A shocking discovery from the British military archives proves that the British army knew that names of two loyalists suspected of involvement in the bombing of Kelly’s Bar.

On the 13th of May 1972, a car bomb detonated without warning outside the Springfield Road bar and resulted in the death of three people.

John Moran and Thomas McIlroy died just days after the attack, and Gerard Clarke died of his injuries 17 years later. Loyalist gunmen shot at survivors of the attack as they gathered outside the bar and 63 were injured. In the wake of the attack, the British government and security forces blamed the attack on the IRA.

However, documents uncovered by researcher Ciarán MacAirt, who works for Paper Trail, show that a member of the Parachute Regiment alerted his superiors to the names of the suspects just hours after the attack.

One of the logs dated 14th May 1972, named a the soldier, who was on leave, and states that he told his superior officer that one individual, who was also named, knew “rather more about Kellys Bar than he should”.

Another log dated the following day, names a soldier who was drinking in the Paisley Park pub, and details how he overheard a man, identified by name, who “announced that Kelly’s Bar would go up in 2 hours.”

The log clearly states: “This did happen.” Evidence

A 2010 investigation by Historical Enquiries Team suggested that there was no evidence to support claims that loyalists carried out the attack.

In a letter to the victims’ family solicitor in April 2010, the lead investigator of the case said: “while acknowledging there was a lot of conflicting speculation and conjecture as to who was responsible for the attack, the HET found no evidence or intelligence to confirm the assertion… that this was a loyalist car bomb.”

Lisa McNally, whose father Gerard Clarke was killed in the attack said that the findings confirmed what the families of the victims had long believed.

“We welcome the findings and we want to thank Ciarán for his work, but the discovery comes as no real surprise to us,” she said.

“We knew that the UVF were involved in the attack despite the fact that the HET said that they found no evidence of collusion in the car bombing. This proves that there was loyalist and security force involvement in the bombing and the cover up. A British Para knew about it before the attack and they never acted on that information.

“Hopefully this will move our inquest forward and we can find out the truth about what happened to our loved ones. The HET told our family that they could not find substantial evidence or witnesses to support our claims, but we went and found our own witnesses. If we could do it, then why did the RUC or the HET not do it at the time?”

Mr MacAirt, whose grandmother Kitty Irvine was killed during the bombing of McGurk’s bar in December 1971, said that the documents he discovered have significant implications for many other cases.

“This attack is just one of the many orchestrated and well co-ordinated attacks by loyalists that enveloped the local community during those years,” he said.

“It is extremely significant for the victims of the Kelly’s bar bombing, but we also need to take cognisance of the fact that it is also a significant discovery for scores of other cases involving loyalist and state directed violence.

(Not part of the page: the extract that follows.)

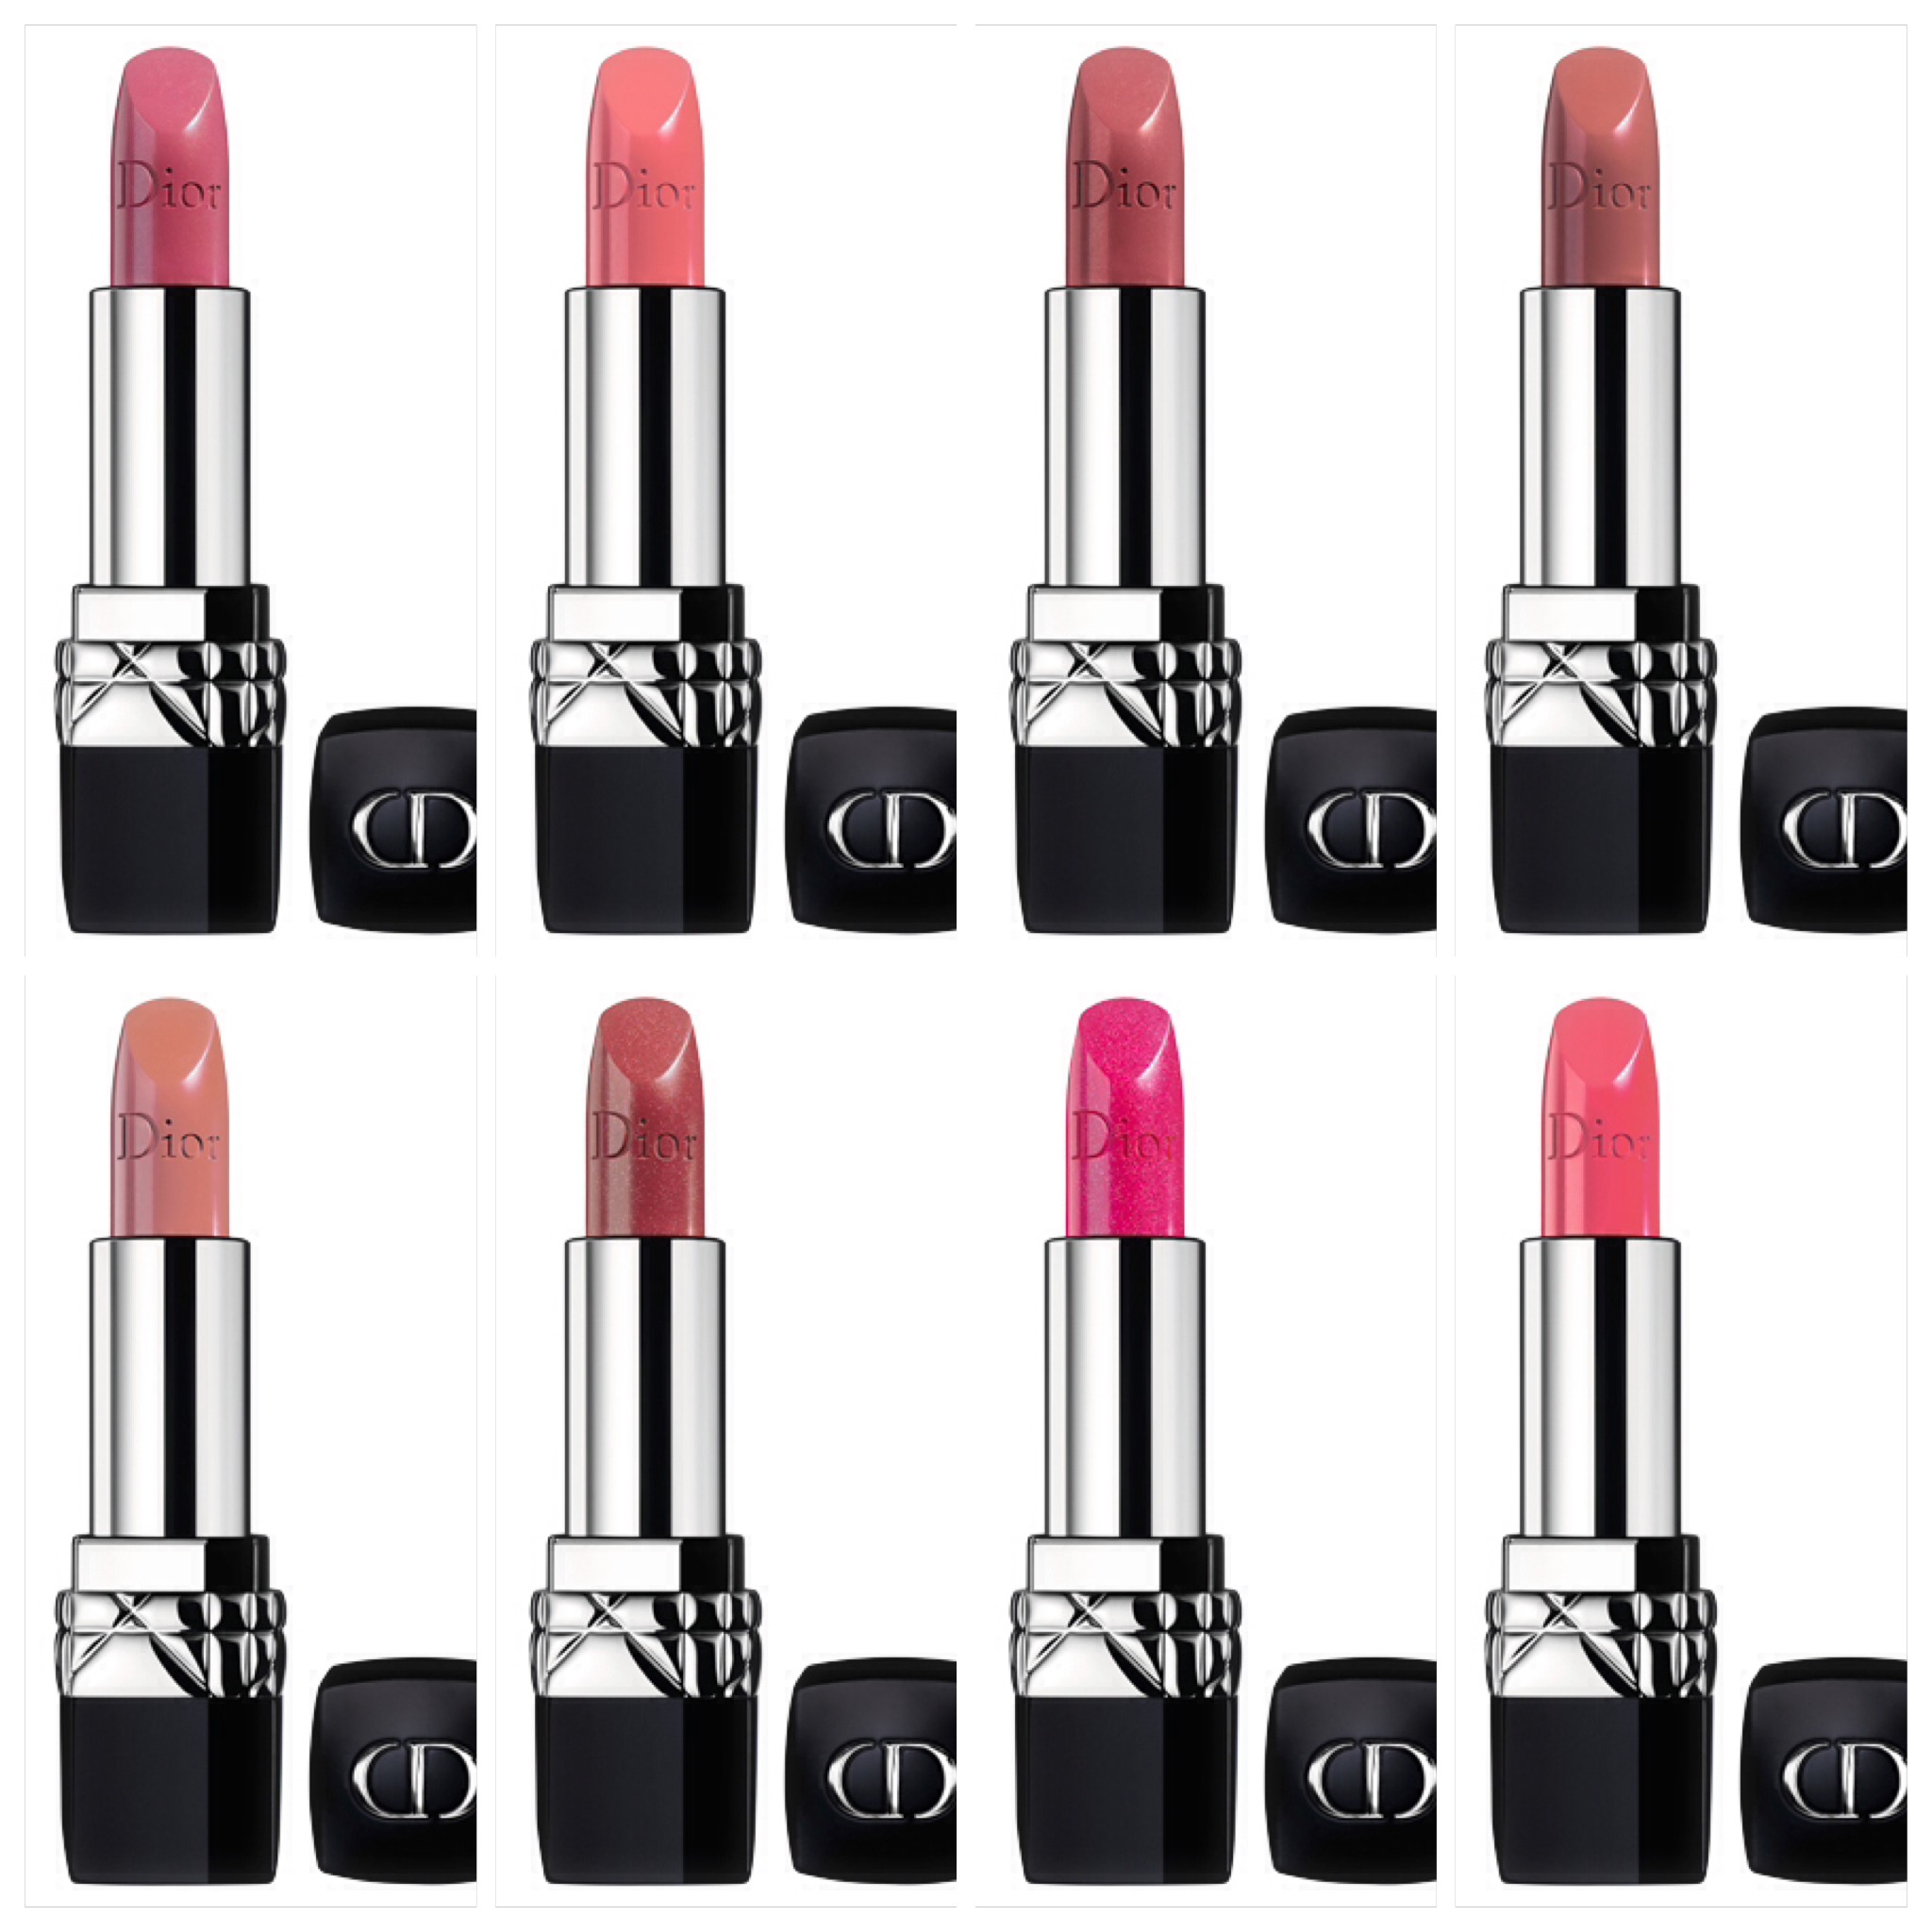 buy popular 89cbf 3f9a1 9月2日発売!Dior 新色『ルージュ ディオール』【リーク情報 ...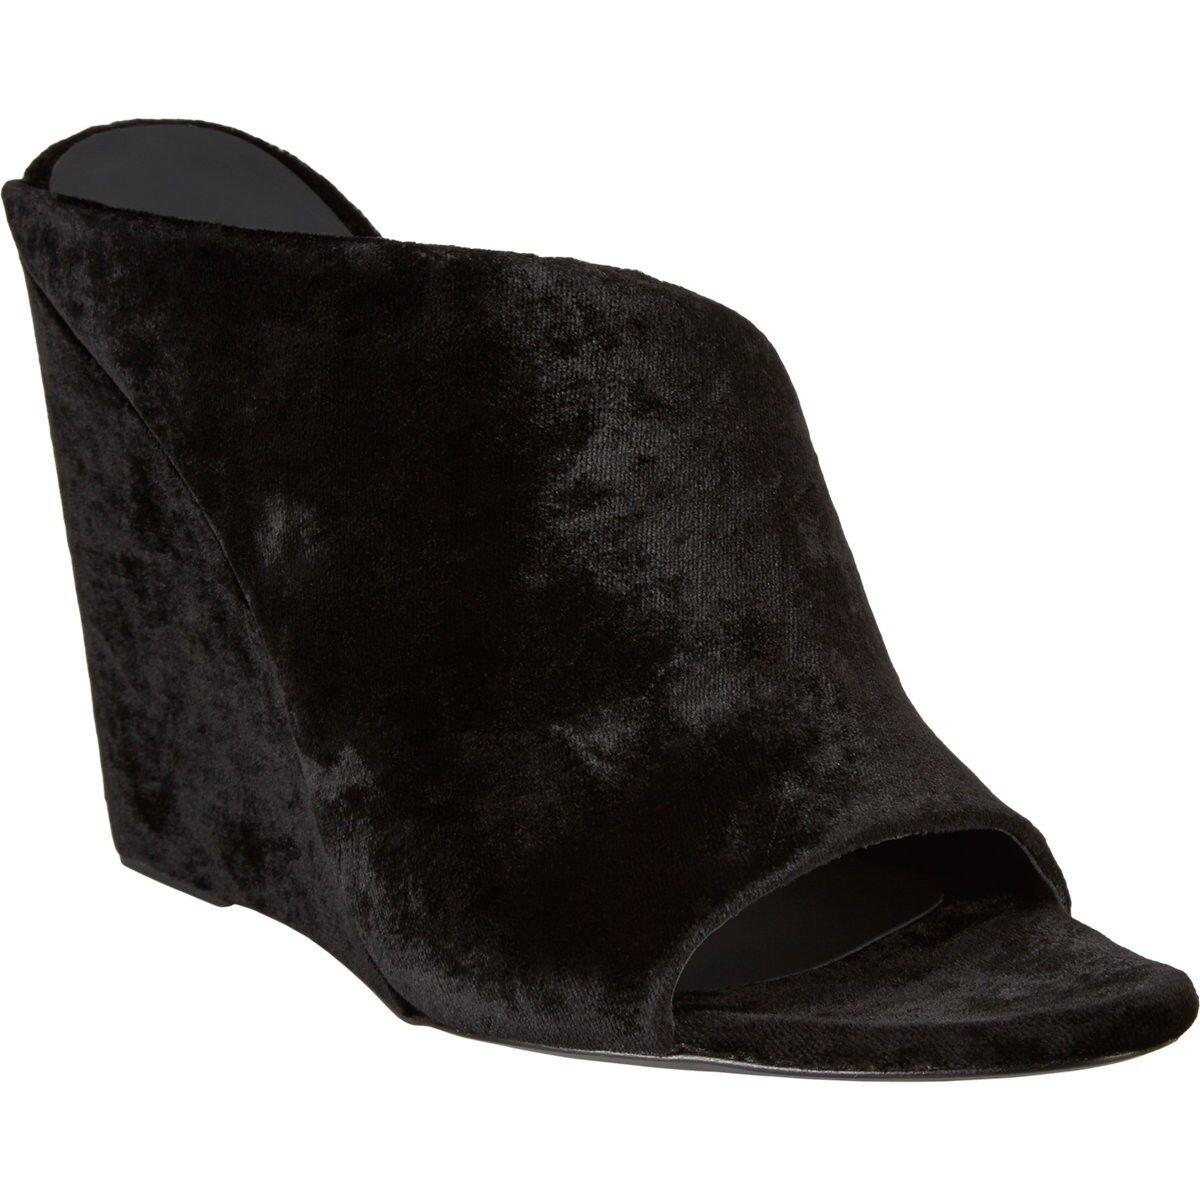 625 AUTH NIB ALEXANDER WANG Eniko Wedge Sz Slide Sandals Sz Wedge 37 9643d8

“Not only did the British army know that loyalists had carried out the attack, but they deliberately covered it up because they knew that it would be impossible to explain to the international community, that in a first world western democracy, extremist were allowed to act with impunity.”

Reacting to the discovery by Mr MacAirt, the solicitor for the Kelly’s Bar families, Pádraig Ó Muirigh, said: “This discovery by Ciarán MacAirt once again brings into question the integrity of the HET review of this case and the related case of the McGurks Bar bombing. The documentation clearly undermines the HET findings that there was no evidence of loyalist involvement in the Kelly’s Bar bombing.

“This new evidence raises further questions about collusion between the security forces and loyalists in the explosion at Kelly’s Bar and will greatly assist our preparation for the forthcoming inquest into this matter.

“The relatives of those killed in the Kelly’s Bar bomb are grateful for the diligent work of Ciarán MacAirt and Paper Trail which is in stark contrast to the HET review of this matter. It is only through the new witness testimony brought forward by the families of those killed at Kelly’s Bar and the assistance of organisations such as Paper Trail that any new evidence has been uncovered in this matter.”